I must also determine whether the Commissioner's decision "is based on legal error." Collins v. Astrue, 648 F.3d 869, 871 (8th Cir. 2011) (quoting Lowe v. Apfel, 226 F.3d 969, 971 (8th Cir. 2000)). "Legal error may be an error of procedure, the use of erroneous legal standards, or an incorrect application of the law." Id. (citations omitted). No deference is owed to the Commissioner's legal conclusions. See Brueggemann v. Barnhart, 348 F.3d 689, 692 (8th Cir. 2003). See also Collins, 648 F.3d at 871 (indicating that the question of whether the ALJ's decision is based on legal error is reviewed de novo).
IV. ANALYSIS
A. Evaluation of Drug and Alcohol Abuse Materiality
Roberts first argues that the ALJ failed to evaluate properly the issue of drug and alcohol abuse (DAA) materiality in light of SSR 13-2P. I first note that SSR 13-2P went into effect on March 22, 2013, which was after the decision of the ALJ in this case. SSR 13-2P sets forth the questions to be answered by the adjudicator in evaluating DAA cases. The ruling provides that the key factor to be examined in determining whether drug addiction or alcoholism is a contributing factor material to the determination of disability is whether a claimant would still be found disabled if he or she stopped using drugs or alcohol. SSR 13-2P(2). The ruling states that DAA is not material to the determination that the claimant is under a disability if the claimant would still meet the definition of disability if he or she were not using drugs or alcohol. SSR 13-2P(2)(a). If DAA is not material, the claimant will be found to be disabled. Id. However, DAA is material to the determination of disability if the claimant would not meet the definition of disability if he or she were not using drugs or alcohol. If DAA is material, the claimant is found not disabled. SSR 13-2P(2)(b).
In her brief, Roberts states that the ALJ correctly first determined Roberts to be disabled from both DAA and a co-occurring mental disorder. (Pl.'s Brf at 6). She alleges, however, that the ALJ failed to find evidence that the co-occurring mental disorder would improve and not be disabling in the absence of DAA.

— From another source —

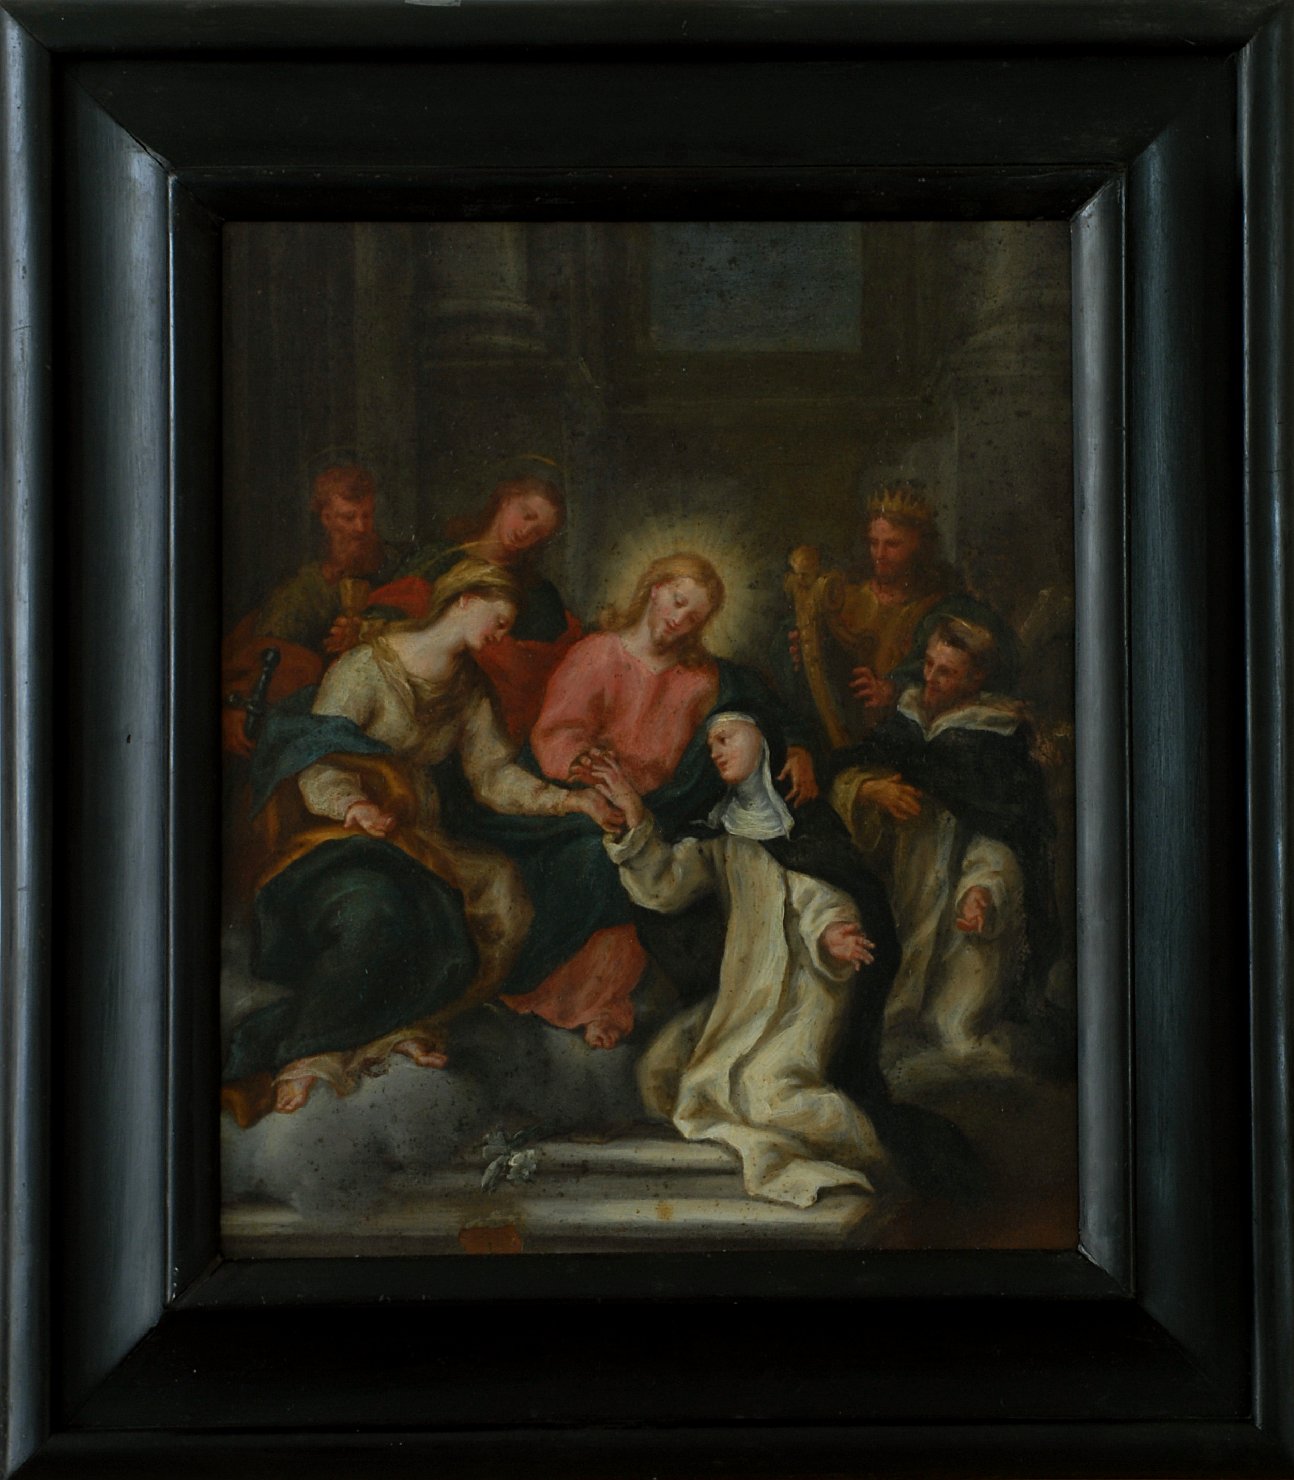 Sposalizio di santa caterina da siena, matrimonio mistico di santa caterina da siena (dipinto)

The ALJ gave England's opinion significant weight and concurred with his findings, concluding that Roberts would be disabled due to her substance abuse. However, the ALJ found that the substance abuse was material to a determination of disability. In the absence of drugs and alcohol, the ALJ found Roberts would not be disabled. (Tr. at 15). England testified that Roberts would not meet any mental listings if she were sober. He said that if Roberts was abusing drugs and alcohol, she would have marked limitations in activities of daily living, depending on her levels and patterns of substance abuse. (Id.).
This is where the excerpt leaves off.